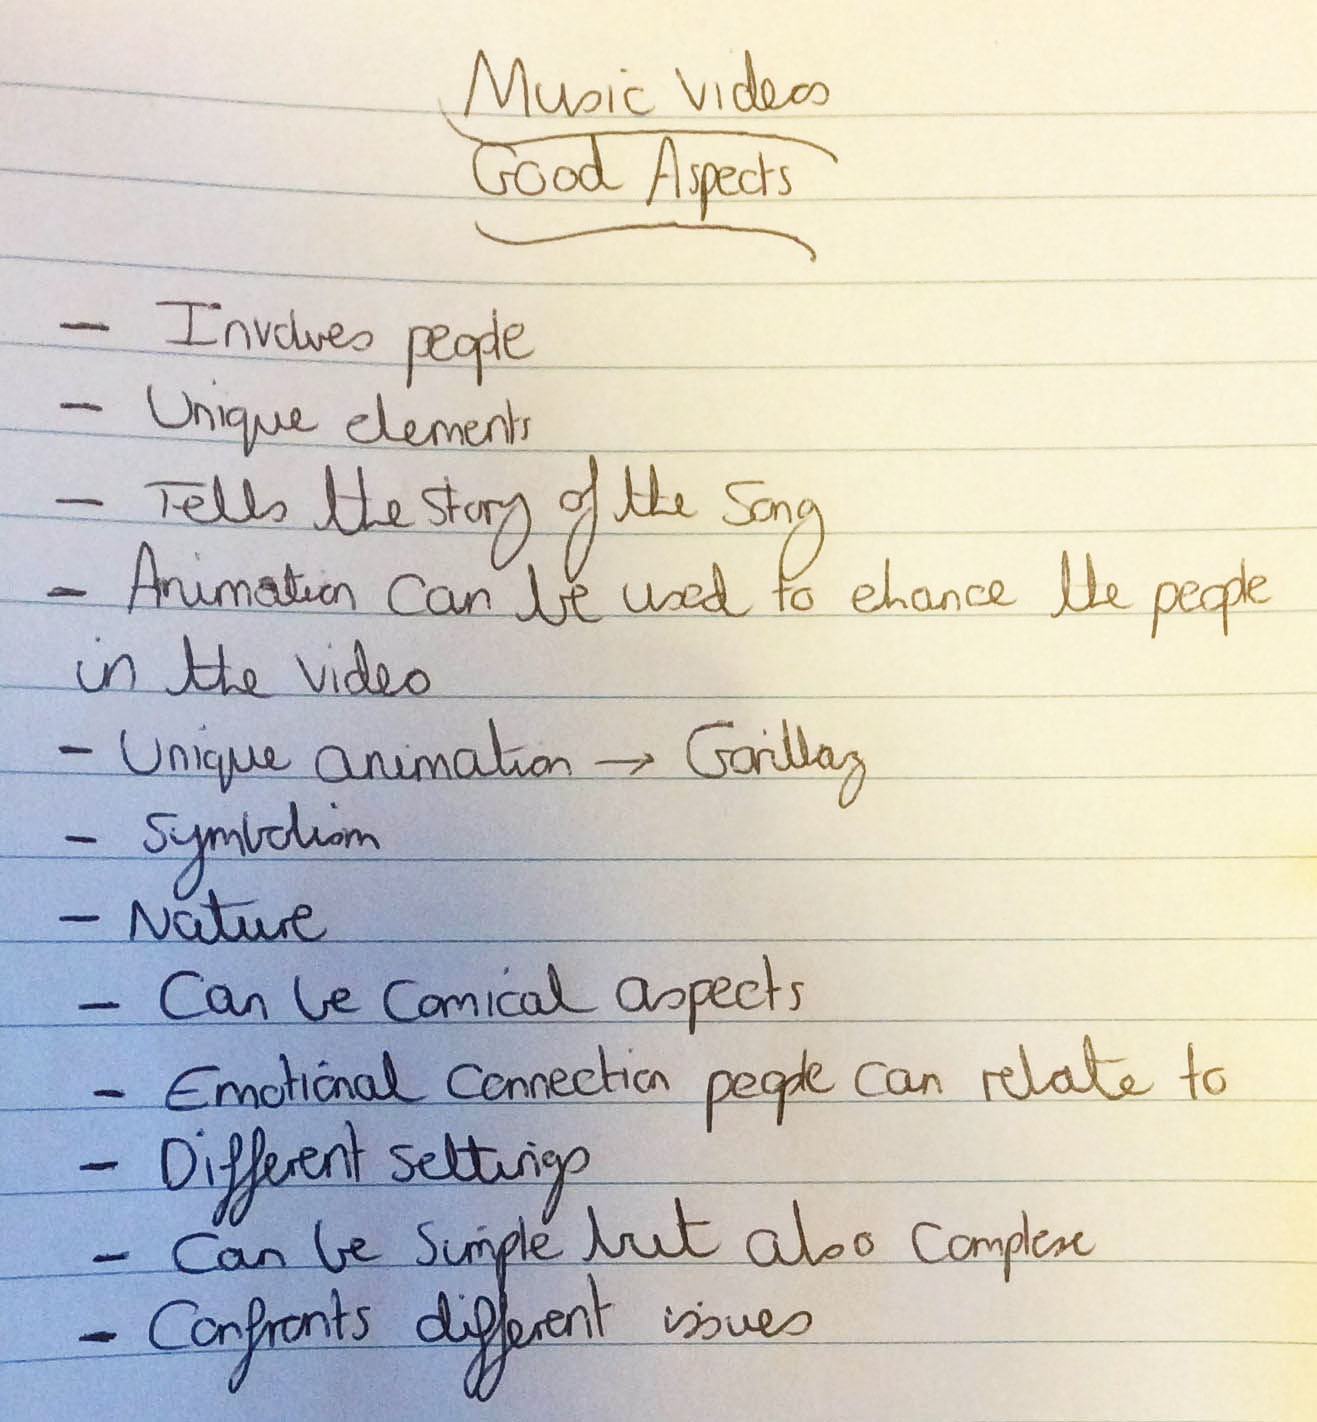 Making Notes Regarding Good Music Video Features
==
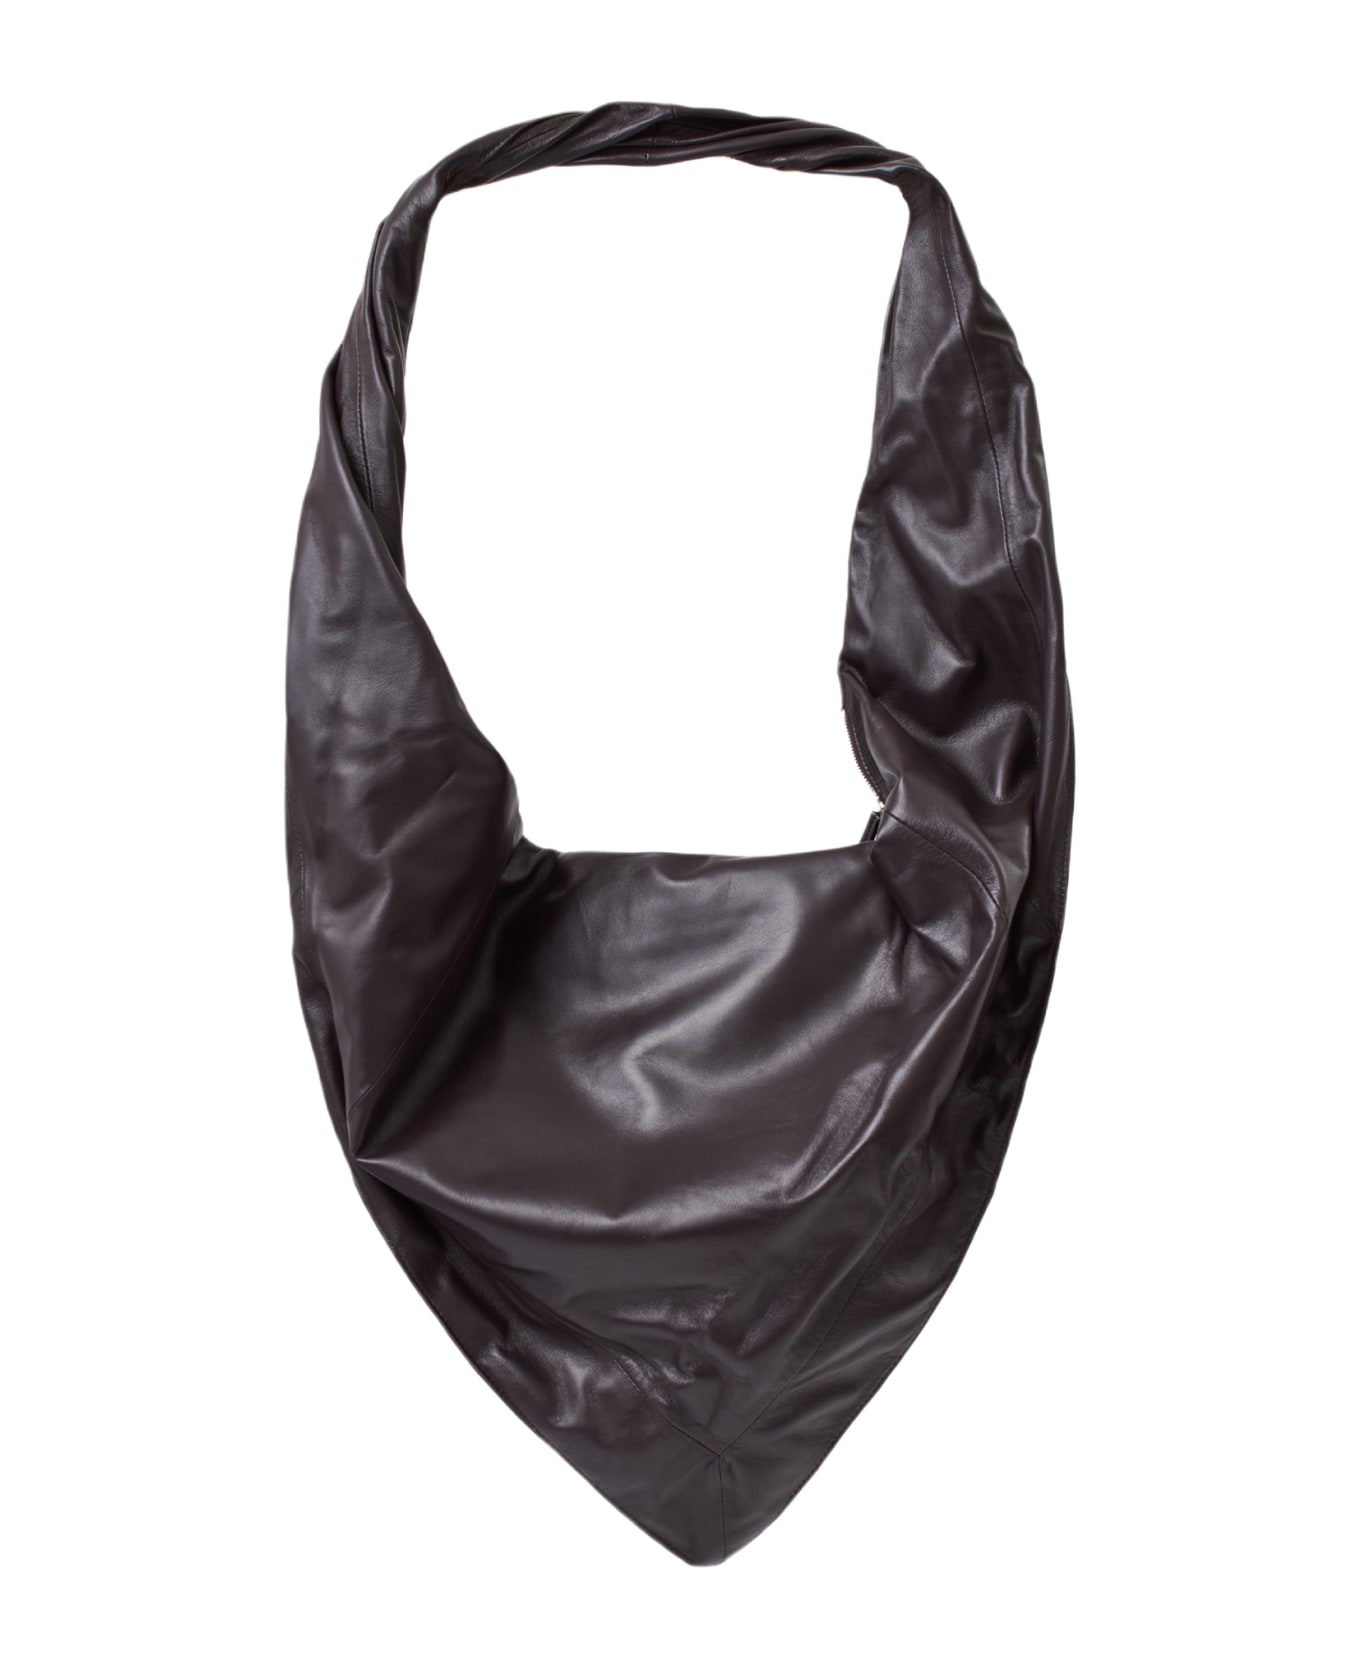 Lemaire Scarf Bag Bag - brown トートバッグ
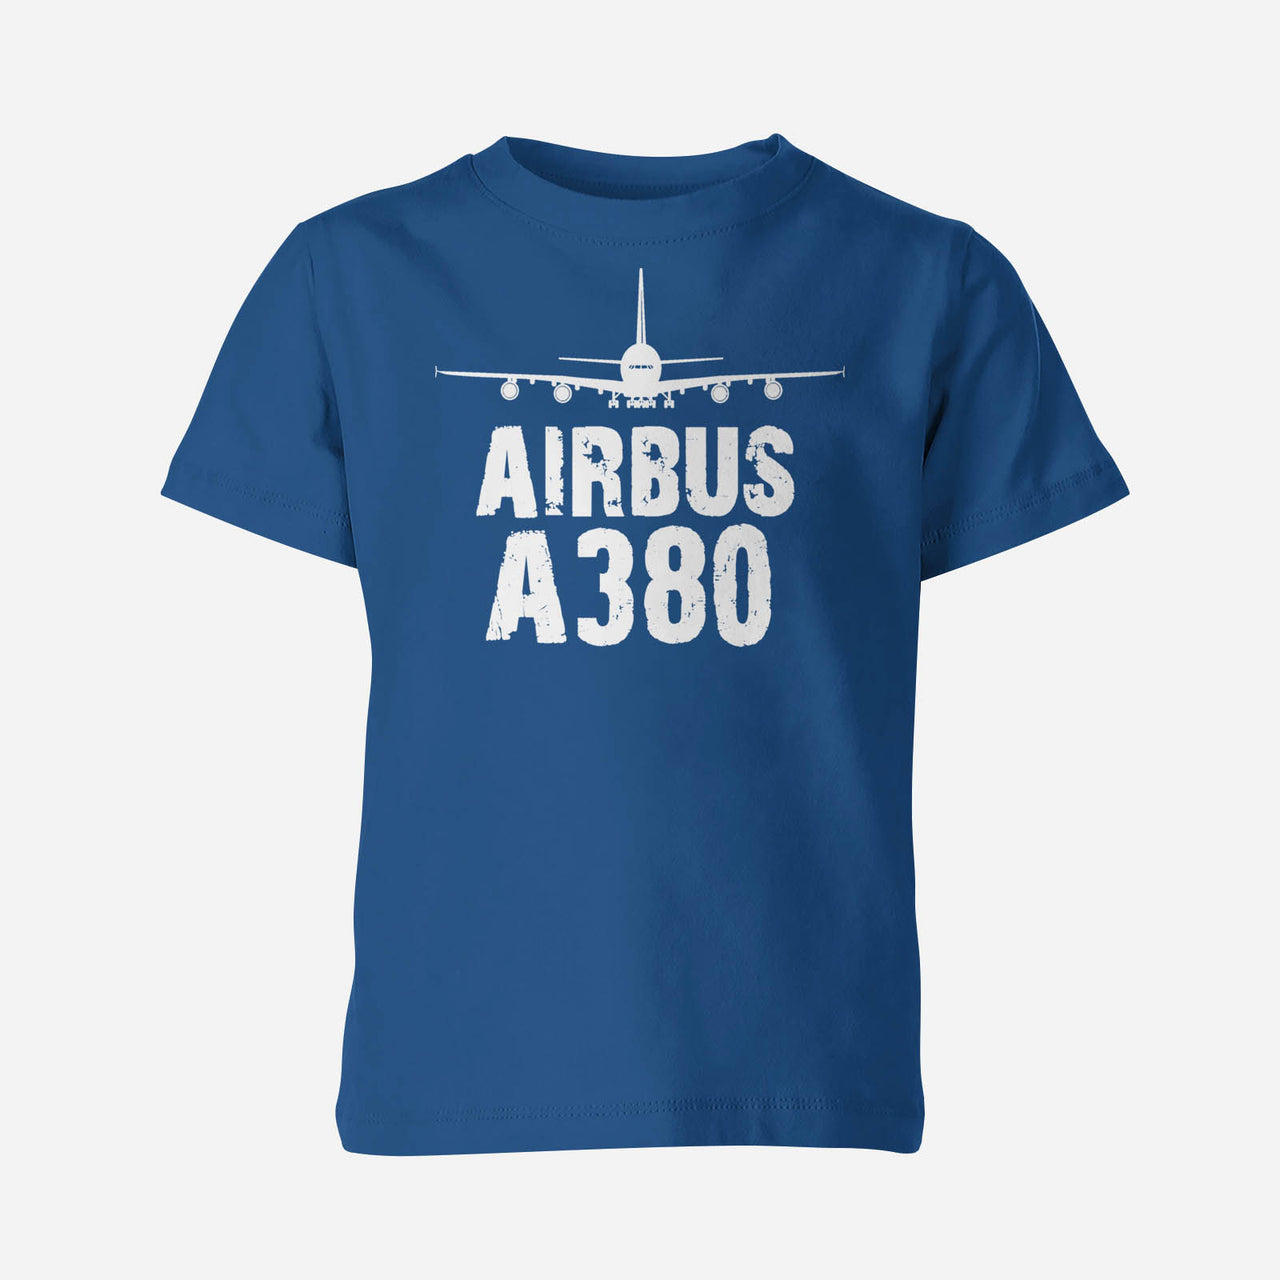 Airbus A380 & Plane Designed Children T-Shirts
---
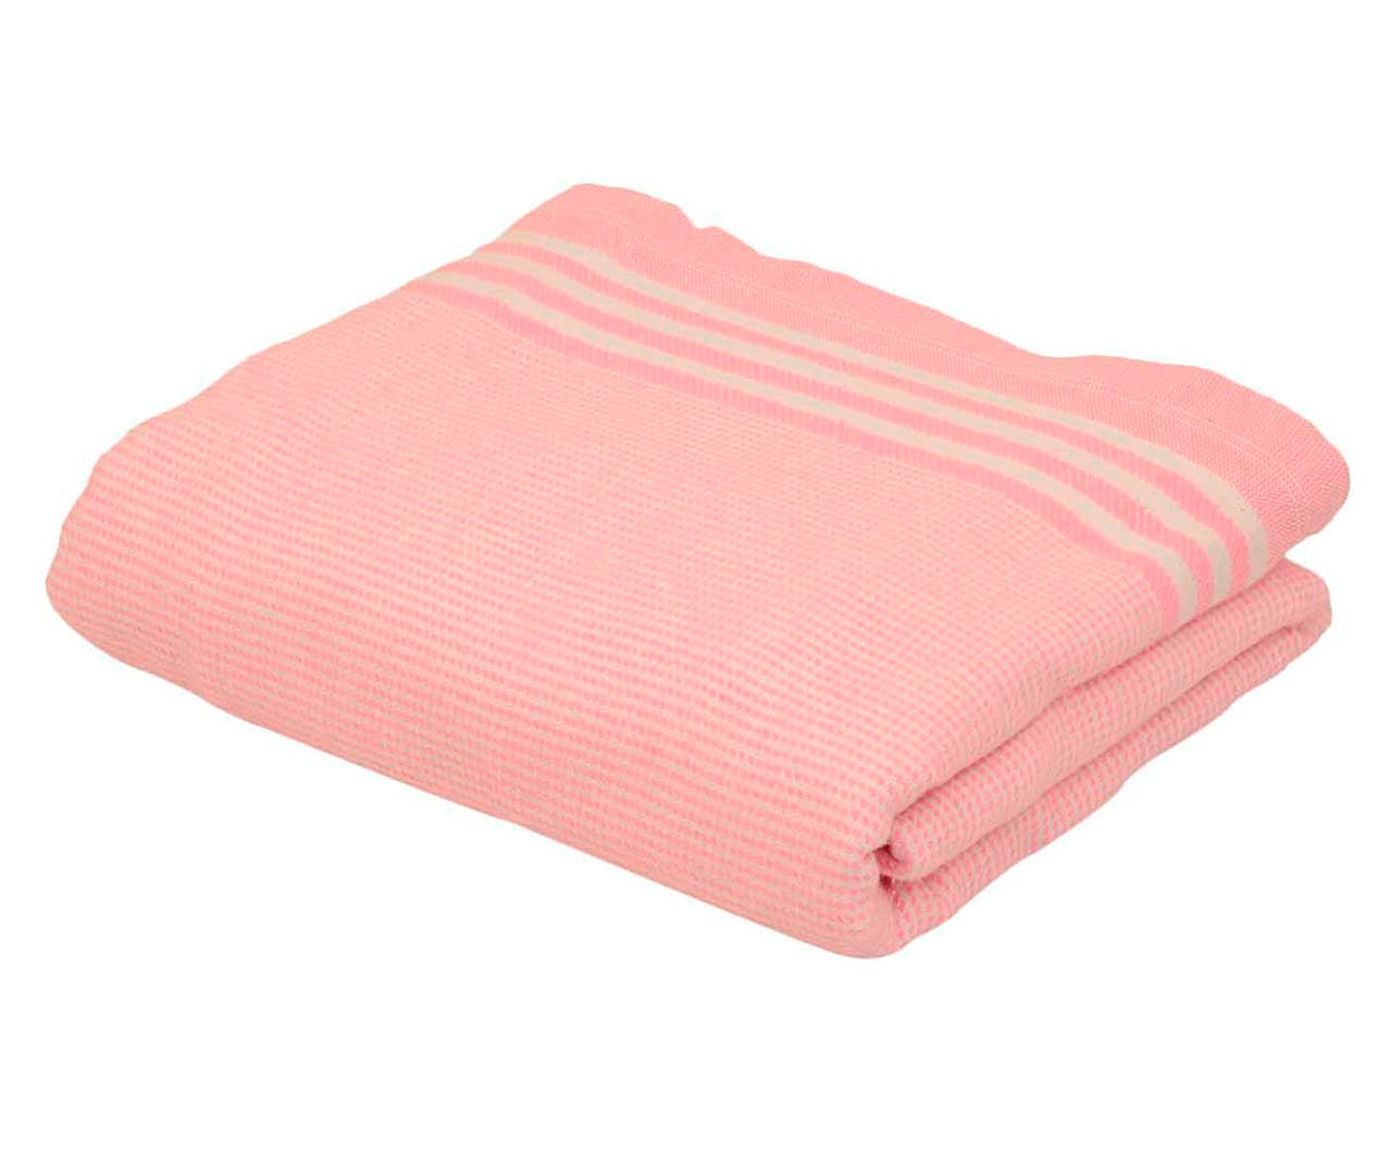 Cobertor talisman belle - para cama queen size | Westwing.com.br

Exercise: In the listing above, find the line with "Lemaire Scarf Bag Bag - brown トートバッグ" and the line with "Airbus A380 &". Copy exactly those two and every line between, without the pictures.

Output of the task:
 Lemaire Scarf Bag Bag - brown トートバッグ
 Airbus A380 & Plane Designed Children T-Shirts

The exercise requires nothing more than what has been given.